- [Data extract]
=====

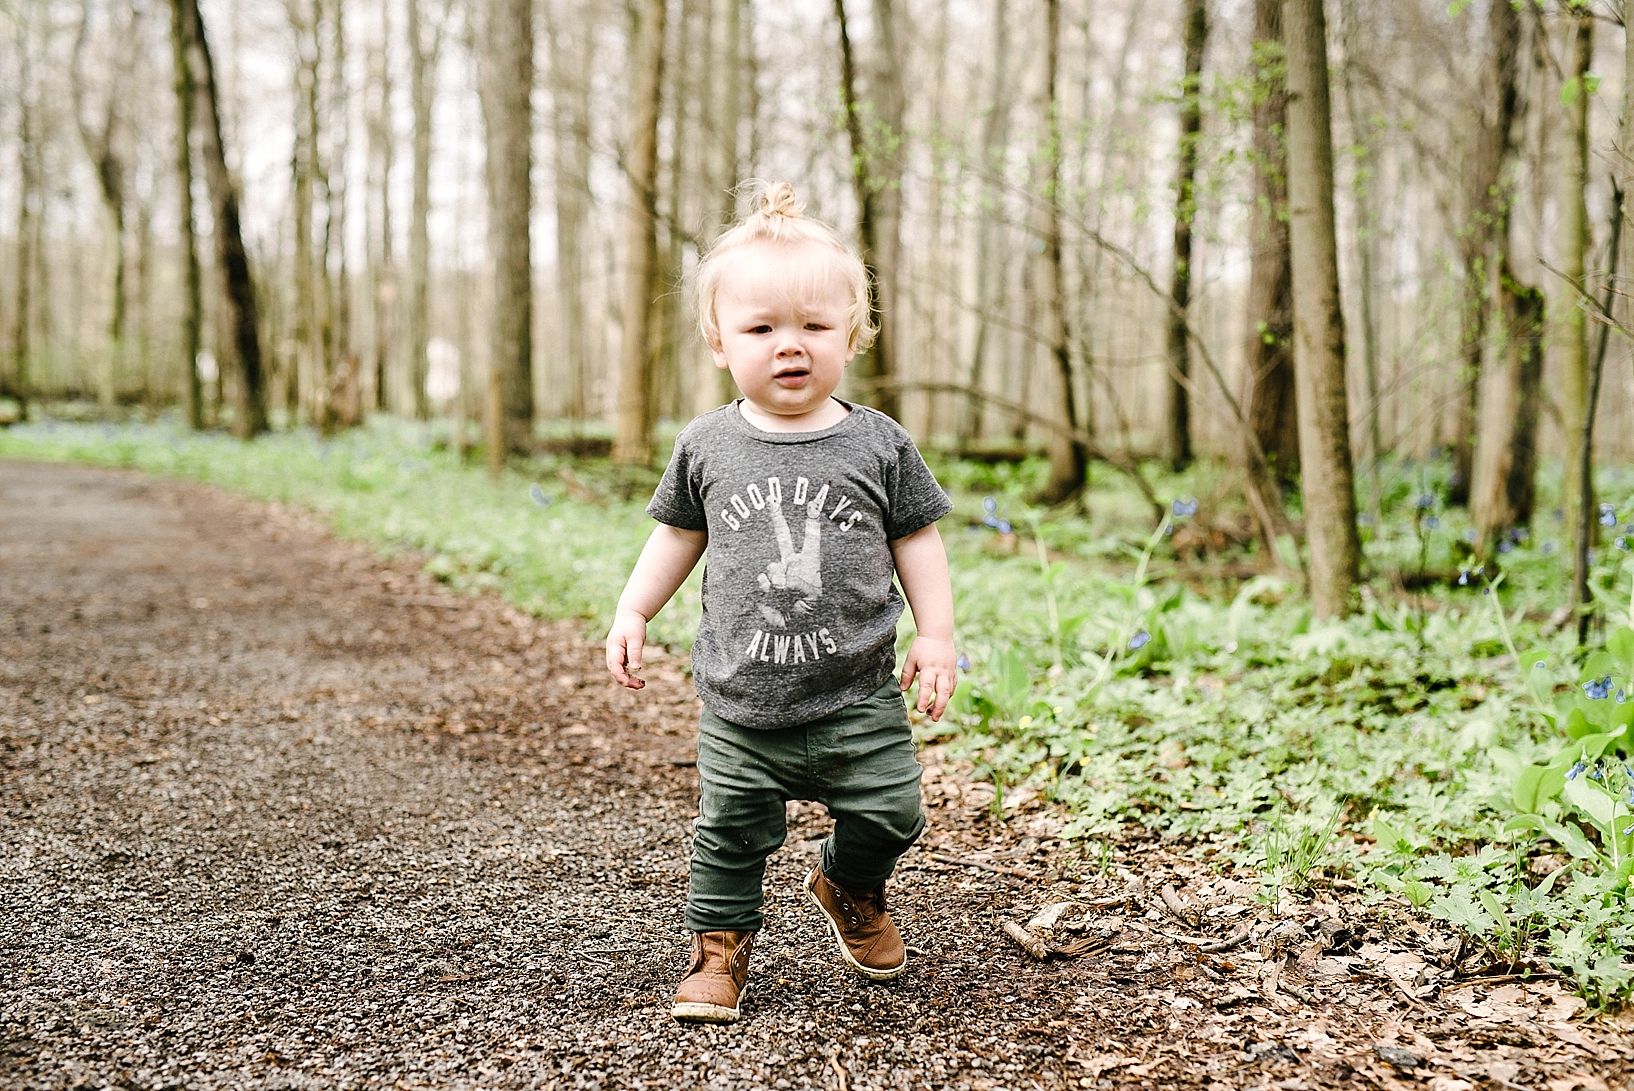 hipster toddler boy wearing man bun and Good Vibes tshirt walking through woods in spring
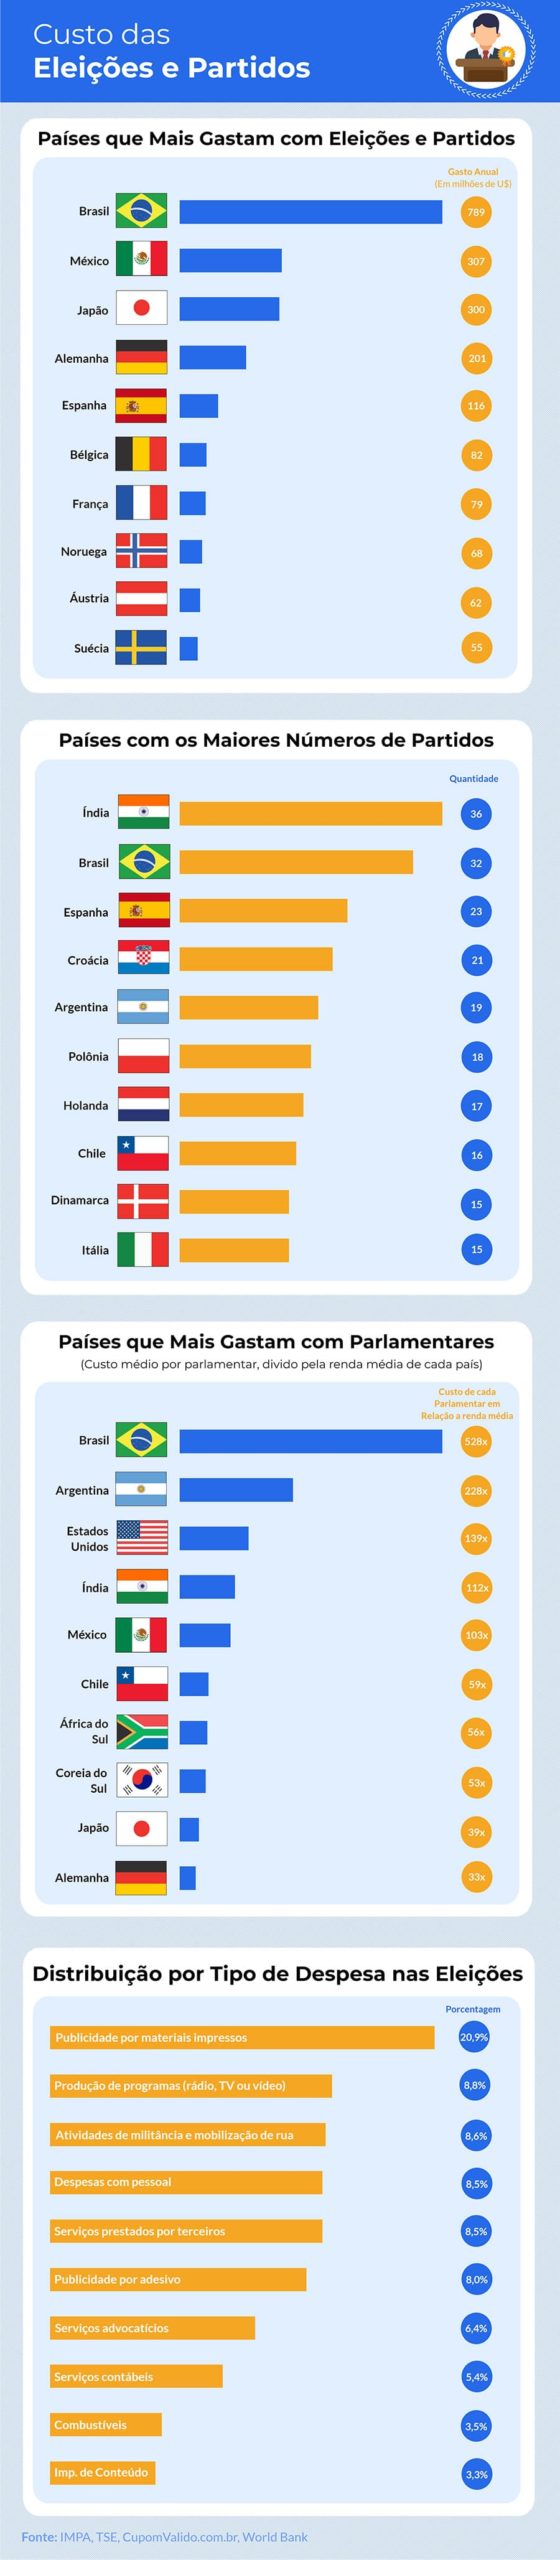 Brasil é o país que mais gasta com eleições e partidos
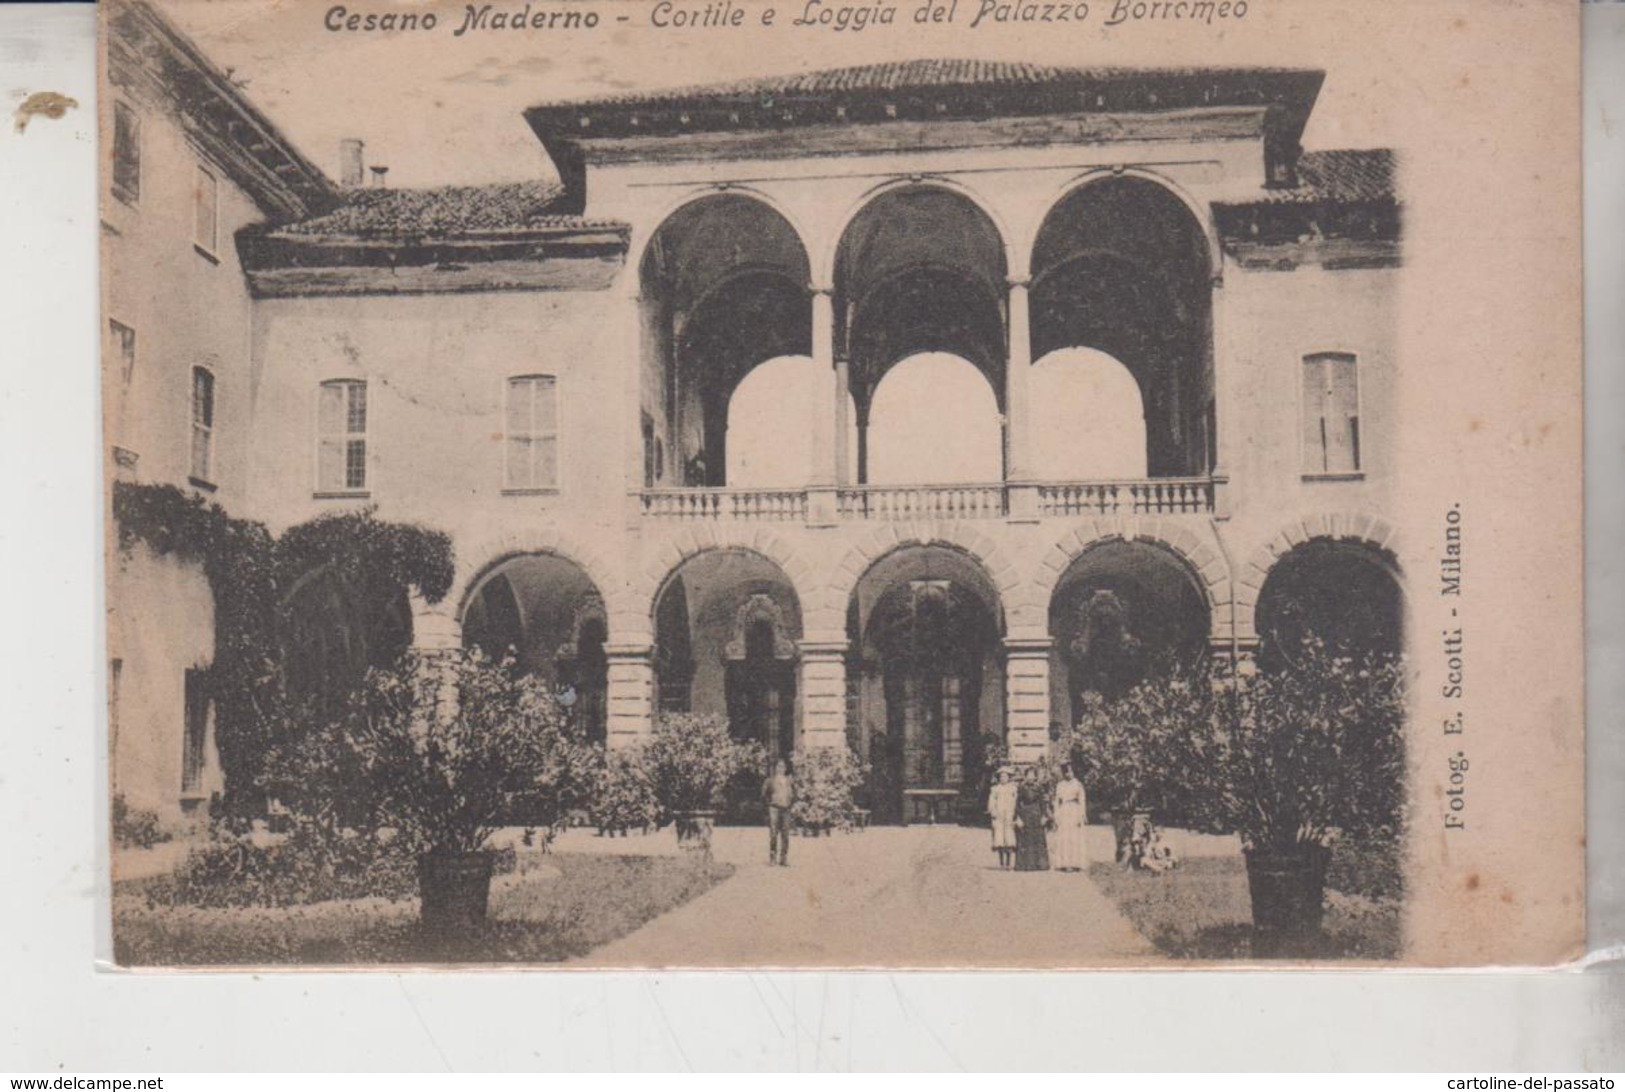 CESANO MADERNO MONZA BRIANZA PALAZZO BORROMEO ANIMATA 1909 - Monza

=====

- [Task description]
Would you repeat the material exactly, keeping out any pictures?

- [Answer area]
 hipster toddler boy wearing man bun and Good Vibes tshirt walking through woods in spring
 Brasil é o país que mais gasta com eleições e partidos
 CESANO MADERNO MONZA BRIANZA PALAZZO BORROMEO ANIMATA 1909 - Monza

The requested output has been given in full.